O primeiro presidente negro dos estados Unidos pode reivindicar progressos reais, mas um sonho se perdeu pelo caminho: o de uma América reconciliada

Por Diego Braga Norte Atualizado em 19 jan 2017, 21h38 - Publicado em 18 jan 2017, 13h55

Ao chegar à Casa Branca sob o lema “Yes, we can”, Barack Obama sabia que o seu lugar nos livros de história seria sempre medido pelas excessivas expectativas que sua eleição provocou nos Estados Unidos e em outros lugares. Além do largo sorriso, calma e elegância no exercício do poder, o que restará dos dois mandatos deste presidente democrata de trajeto peculiar, nascido de um pai queniano e que viveu sua infância no Havaí e na Indonésia?

Da queda acentuada do desemprego à morte de Osama bin Laden, passando pelo restabelecimento das relações com Cuba, o acordo nuclear iraniano e o global sobre o clima, o 44º presidente americano, o primeiro negro da história dos Estados Unidos, pode reivindicar progressos reais. Mas um sonho se perdeu pelo caminho: o de uma América reconciliada.

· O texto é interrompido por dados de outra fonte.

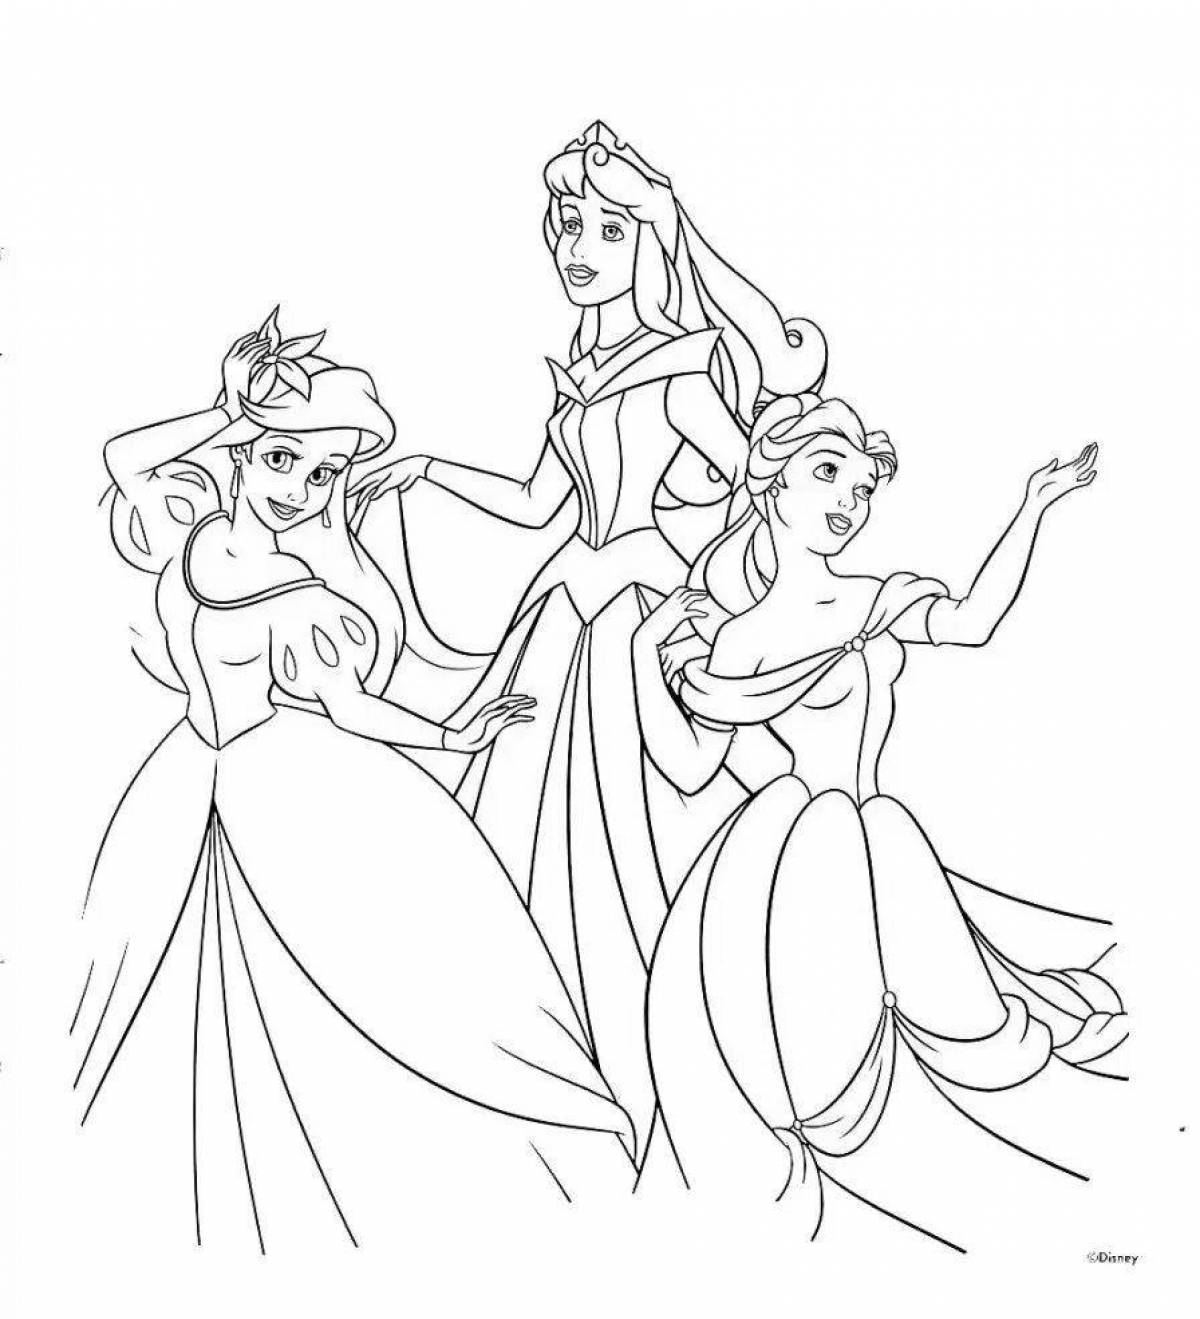 Exquisite coloring of all disney princesses

Os anos de bloqueios irresponsáveis no Congresso e a eleição de Donald Trump depois de uma campanha agressiva sem precedentes, mostram como o país segue atravessado por profundas cisões. Divisões políticas, com dois blocos, republicanos e democratas, que se recusam a dialogar, mas também divisões raciais, que vieram à tona com um vigor imaginável. Ansioso para não ser taxado de “o presidente dos negros”, Barack Obama talvez não tenha sido, paradoxalmente, a melhor pessoa para amenizar as hostilidades.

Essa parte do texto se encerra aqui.